Another stage, separated from the previous one by unclear limits, is the stage of risk, where some manifestations appear that sometimes go unnoticed but which are key to developing preventive actions, which will be more effective the earlier they are taken. The third stage is the disease. This gives more definite signs that show us a situation that clearly affects life. But in order to reach the moment when the disease manifests itself, other moments have been passed through which, if attended to, could have prevented the damage. This means that an integral look at the human being and his health leads us to state that there is no possibility of integral health if the fundamental aspects are not resolved:

  • The lifestyle and living conditions of people and populations.
  • The personal and social violence that is generated in society when the human being is not the central value and is mistreated in his or her dignity.
  • When the prevailing purpose is material accumulation which leads to a few people having much more than they need and more and more people not having even the bare necessities.
  • If we do not take care of our common home, which is the planet, avoiding its degradation and global warming, and starting with housing and the immediate environment, if we do not take care of them, they will make it an uninhabitable place.
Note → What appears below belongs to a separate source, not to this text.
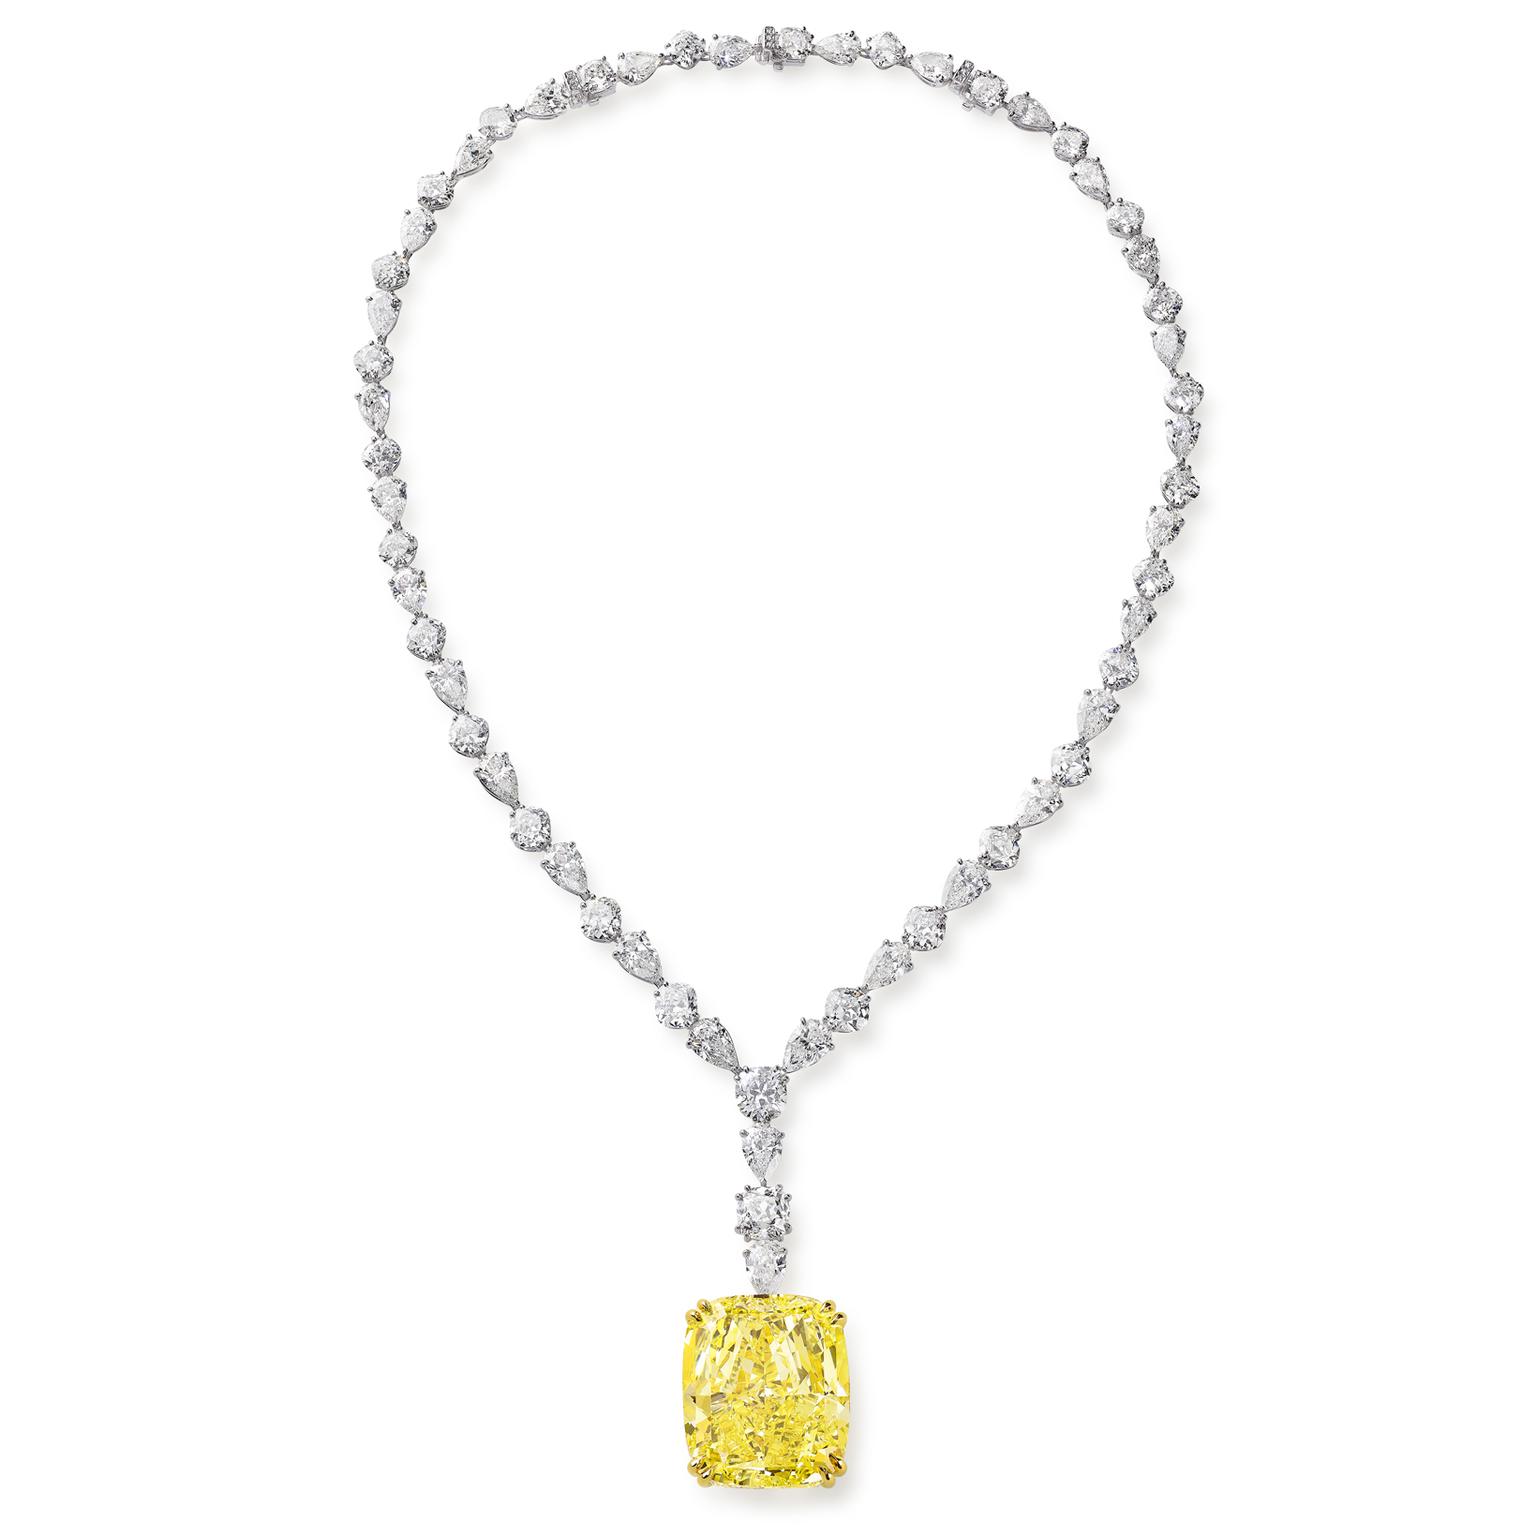 High Quality 2CT Brilliant Cut Yellow Diamond Necklace, S925 Silver Plated  18k White Gold Chain. Gift for Her - Etsy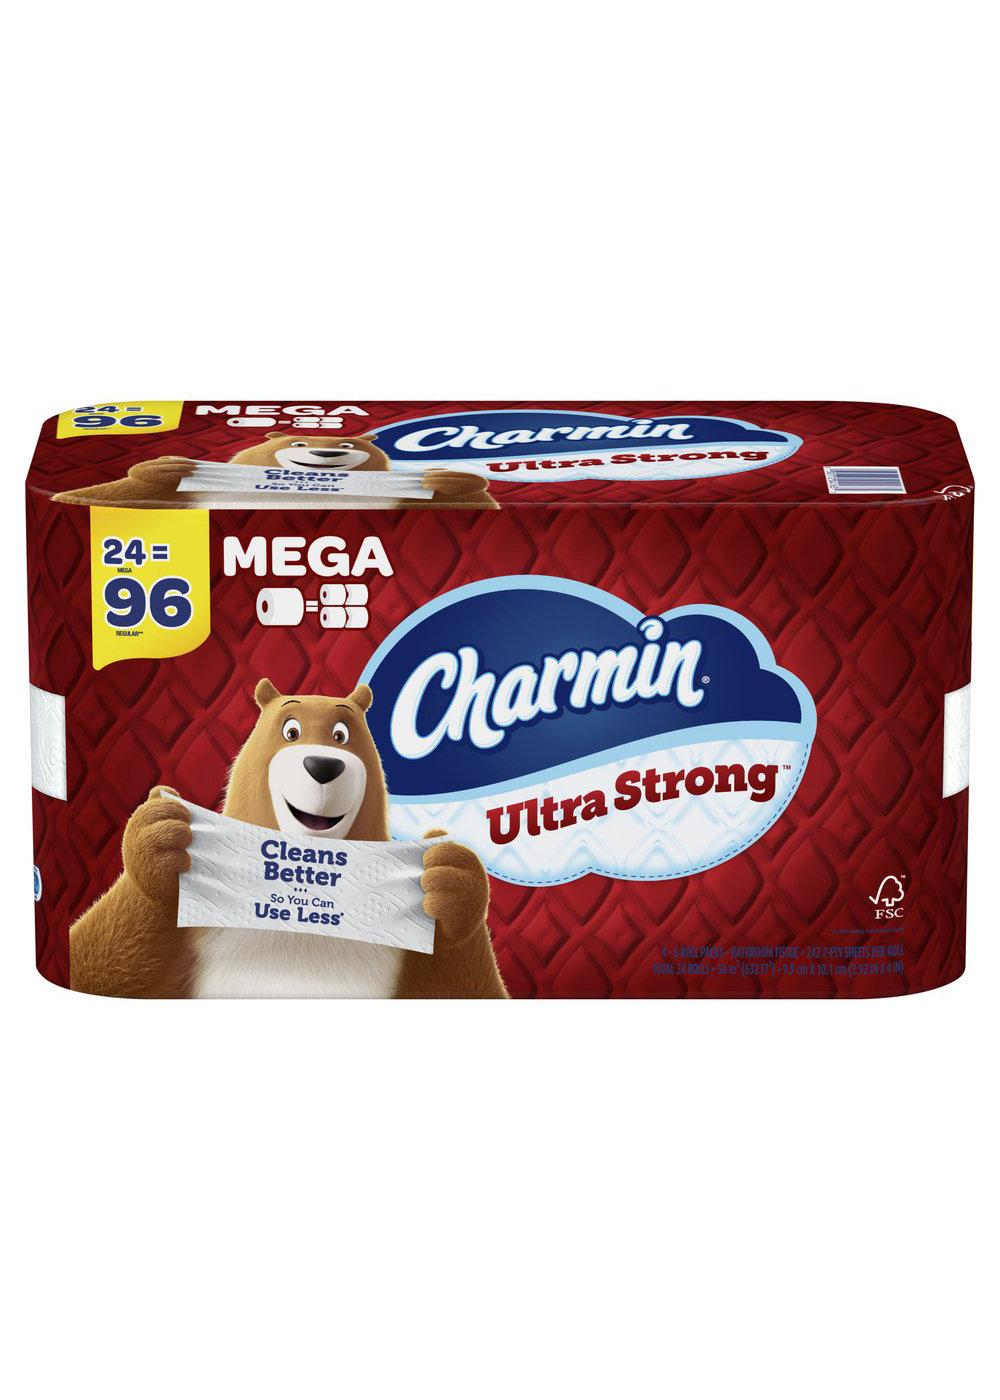 Charmin Ultra Strong Toilet Paper; image 1 of 2

This is why we need a consciousness of the global situation and a rapid change in the way people and communities live their lives.

In synthesis, it is why we understand that in the area of health it will be necessary to develop:

  1. A structural and process look rather than the preponderantly biological view and orientation.
  2. A holistic approach rather than the prevalence of fragmentation of the person according to specialities.
  3. Good treatment as an indicator of care with human quality rather than identifying technology as a synonym for quality of care.
  4. The maintenance and improvement of health and prevention according to risks rather than the treatment of the installed disease.
  5.  A warm and humanised approach to childbirth as the beginning of human life and incorporation into the community.
  6.  The accompaniment of people at the end of their vital process as a fundamental part of the preoccupation with the art and science of caring.
  7. The incorporation of non-conventional knowledge of proven efficacy in the formation of health personnel.
  8. The strengthening of the Primary Care Strategy and Health Education for all communities.
  9. Promoting the formation of general practitioners and family doctors accessible to the whole community.

In other words, a holistic and process-based approach shows us the need to treat all these elements simultaneously, not making the disease the focus of our attention and giving priority in personal and community action to the development of a healthy Style of Life.